- Type: Mine-resistant ambush protected vehicle
- Place of origin: Turkey

Service history
- Used by: See operators
- Wars: SDF-Syrian transitional government clashes (2025-present)

Production history
- Designer: BMC Otomotiv
- Manufacturer: BMC Otomotiv

Specifications
- Height: 400mm
- Passengers: 7
- Maximum speed: 120km/h

= BMC Amazon =

Turkish armored vehicle

The BMC Amazon is a mine-resistant ambush protected vehicle (MRAP) manufactured and designed by BMC Otomotiv for use in the Turkish Armed Forces, though it has also seen usage in neighboring and regional countries as well.

== Design ==
The BMC Amazon base model uses a unibody design with a V-shaped hull for its underbody, and is equipped with an automatic fire extinguisher system, run-flat tires, rear-view cameras, alongside dimming and camouflage lighting features. The base model BMC Amazon also has a capacity of seven passengers, and according to BMC, 'meets STANAG 4569 protection levels', though a specific description was not stated.

== Variants ==

=== BMC Amazon Ottonom (4x4) ===
The Ottonom variant of the BMC Amazon, in addition to features already included in the base model, is also capable of maneuvering through rough terrain alongside being equipped with a drone.

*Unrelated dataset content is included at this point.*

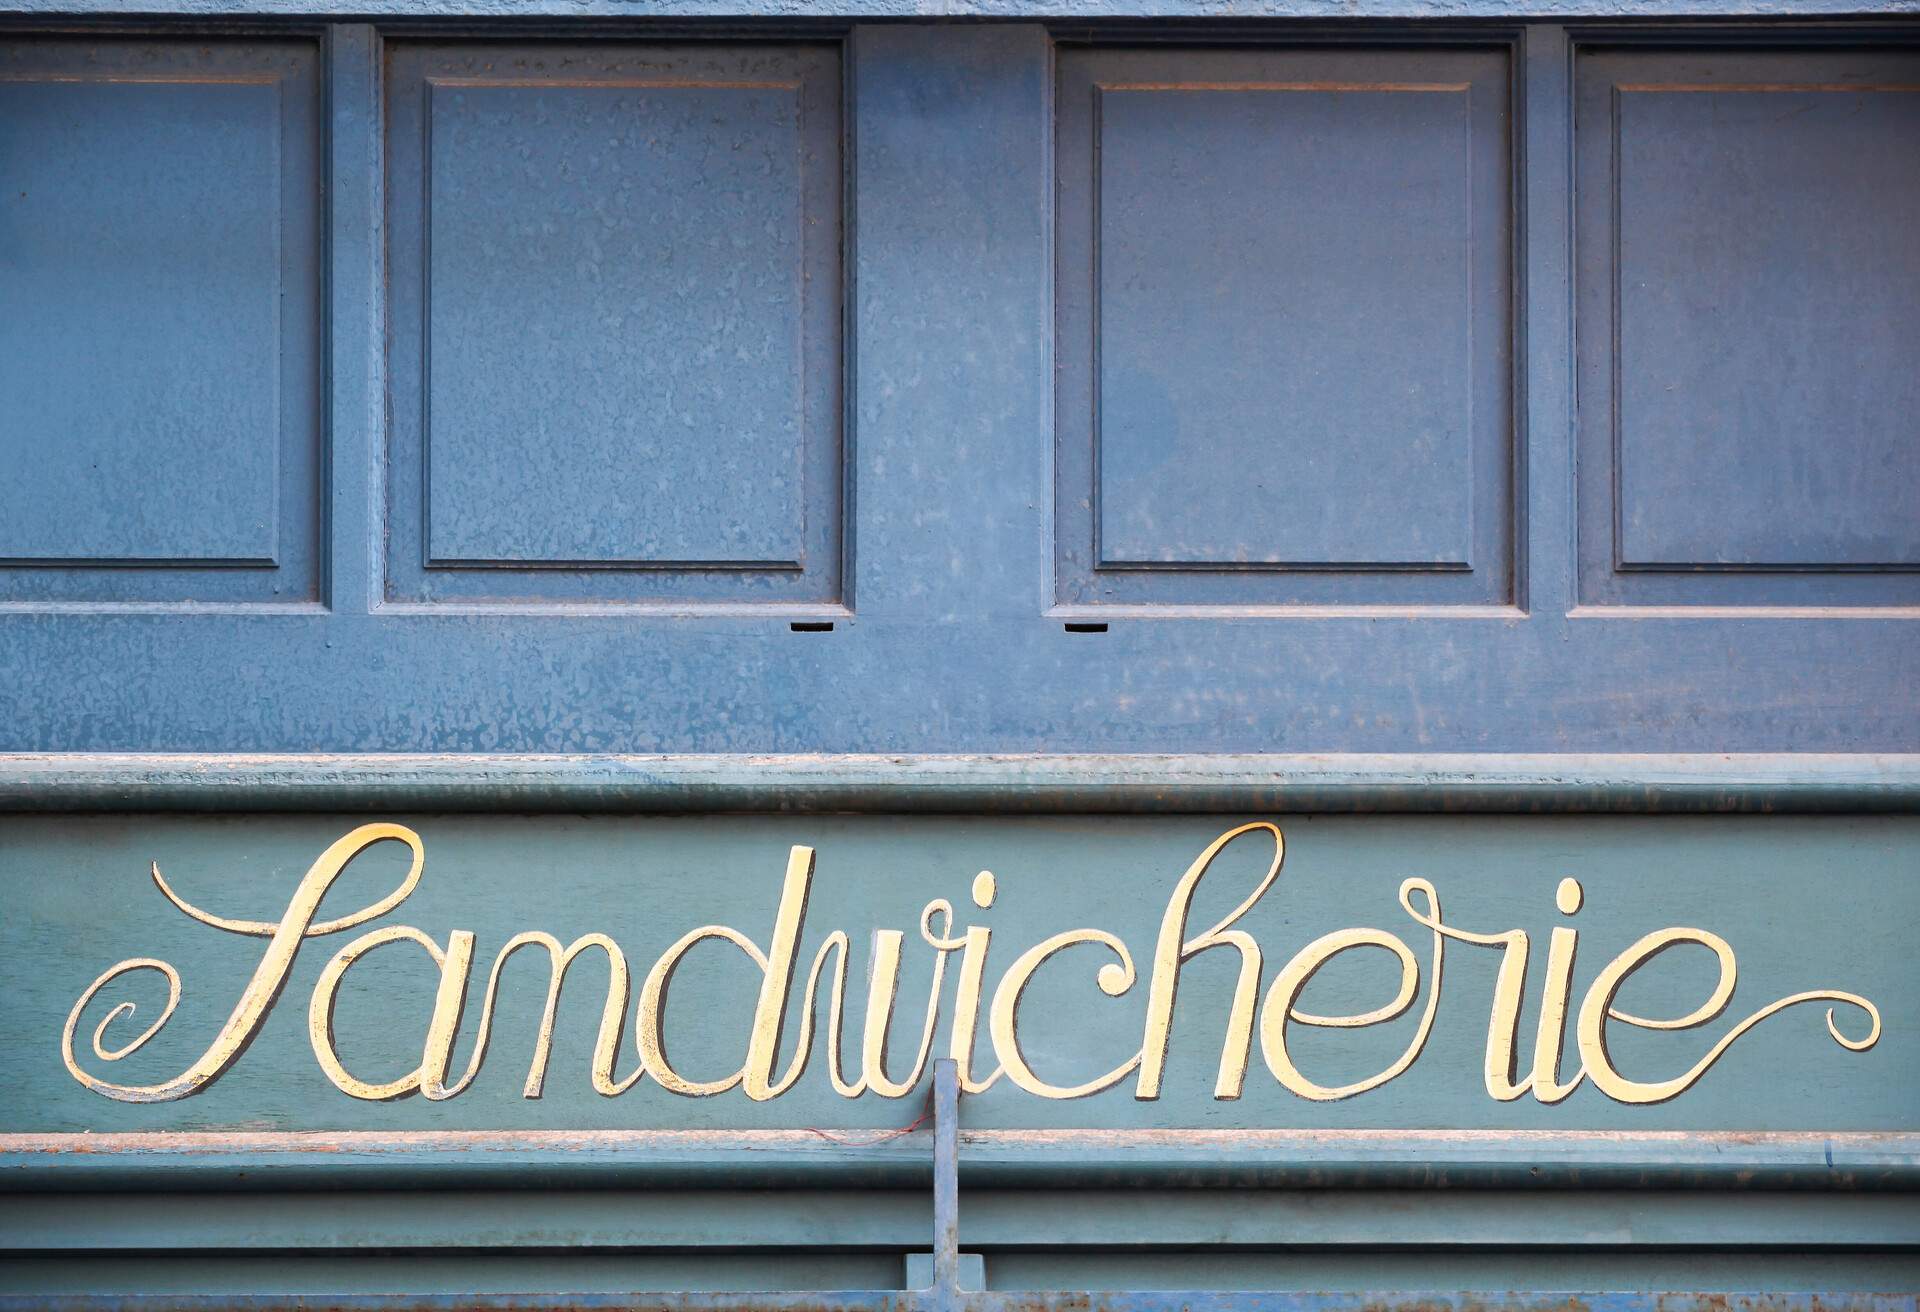 Sandwich shop called sandwicherie in french language

=== BMC Amazon 4x4 RCS ===
The BMC Amazon RCS is a remote-controllable variant of the BMC Amazon, specifically used for 'residential and asymmetric battlefields'.

== Operators ==

=== State users ===
- SYR - operated by various branches of the Syrian Armed Forces under the command of the Syrian transitional government. First seen in use in large quantities during clashes with the Syrian Democratic Forces.
- TUR - In use with Turkish Land Forces and Police Special Operations Department.
- TKM - Variants equipped with Aselsan Dual SARP remote controlled weapon station were spotted in use with the State Border Service of Turkmenistan in 2018.
- QAT - 35 units purchased in 2018 for Qatari Emiri Land Force.

=== Non-state users ===
- - Donated by Turkey in 2023, operated by local Police Special Operations teams.